The parameters for existing connections in C and input (co)variances in Σ are optimized iteratively such that the model FC0 and FC1 best fit their empirical counterparts, as illustrated in Fig. 2C. In practice, the model is calibrated by the estimated time constants τx in Fig. 1B, a single value for all ROIs per each subject and condition. This choice is motivated by our previous results for resting-state fMRI where no difference across ROI time constants was observed. An improvement would consist in estimating individual values for each ROI/subject/condition, but this is left for later work. From an initial homogeneous diagonal matrix Σ and effective connectivity C = 0, each optimization step aims to reduce the model error, defined as the matrix distance between the model and empirical FC0, plus the same matrix distance for FC1. The best fit corresponds to the minimum of the model error, which gives the estimated C and Σ for each subject and condition. In summary, the model inversion explains the observed spatiotemporal FC by means of Σ and C.

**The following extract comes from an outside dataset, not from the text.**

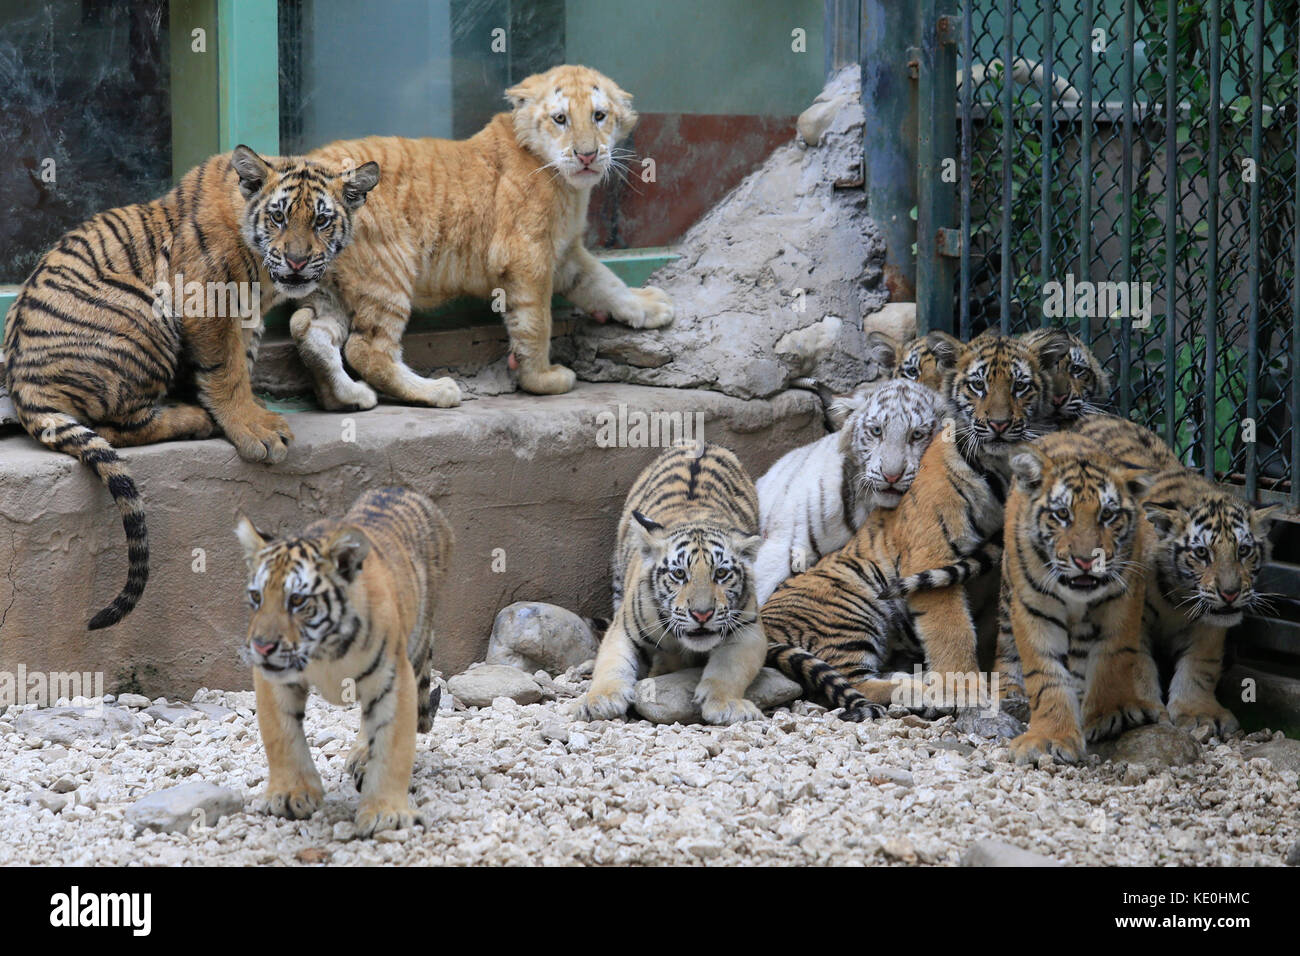 Jinan. 17 Okt, 2017. Foto auf okt. 17, 2017 zeigt Tiger cubs an der Wildlife Zoo in Jinan, der Hauptstadt der Provinz Shandong im Osten Chinas. Insgesamt 12 Tiger Cubs, die alle vier bis sechs Monate alt sind, mit der Öffentlichkeit hier Dienstag. Quelle: lyu chuanquan/Xinhua/alamy live News met Stockfoto

The precision of the estimated parameters is limited by the number of time points in the BOLD signals, but this procedure unambiguously retrieves the model parameters for accurate empirical FC0 and FC1 observables. The iterative approach provides an advantage compared to multivariate autoregressive models applied directly to the data: it enhances the robustness of the estimation by reducing the number of estimated parameters (absent connections are kept equal to 0) and imposing constraints (non-negativity for C and Σ). Importantly, the model optimization takes network effects into account: EC weights are tuned together such that their joint update best drives the model toward the empirical FC matrices. It is also worth noting that we only retain information about the existence of connections from DSI; individual DSI values do not influence the corresponding values in C. In practice, EC directionality depends mainly on the time-shifted covariance FC1. Further details about the model and the optimization procedure are given in Methods.
The qualitative fit of the model is displayed in Fig. 3A (left panel) for FC0 and a single subject at rest. Quantified by the Pearson correlation coefficients between the model and empirical FC matrix elements, the model goodness of fit is summarized in the right panel of Fig. 3A for all subjects and the two conditions, which is very good for almost all cases with plotted values larger than 0.7 [29]. Importantly, we verify that the model captures the change in FC between the two conditions, as illustrated in Fig. 3B: the left panel provides the example for a subject and the right panel the summary for all subjects, as in Fig. 3A. Once again, the Pearson correlation between the model and empirical ΔFC (movie minus rest) is larger than 0.6 for most subjects. Moreover, the parametric p-values for the changes in FC0 matrix elements are in good agreement with their empirical counterparts in Fig. 3C, with an overall Pearson correlation coefficient of 0.8 with p < 10−10. Only elements corresponding to absent EC connections (in black) are not in good agreement; correcting SC with the addition of missing edges could improve this aspect, but this requires individual DSI data instead of the generic SC used here. To further verify the robustness of estimated parameters, we repeat the same estimation procedure using FC0 and FC2 with a time shift of 2 TR instead of FC0 and FC1 (with a 1 TR) as done so far. We found nearly identical Σ estimates and very similar C estimates (Fig. 3D), which agrees with our previous results for resting-state fMRI data [19].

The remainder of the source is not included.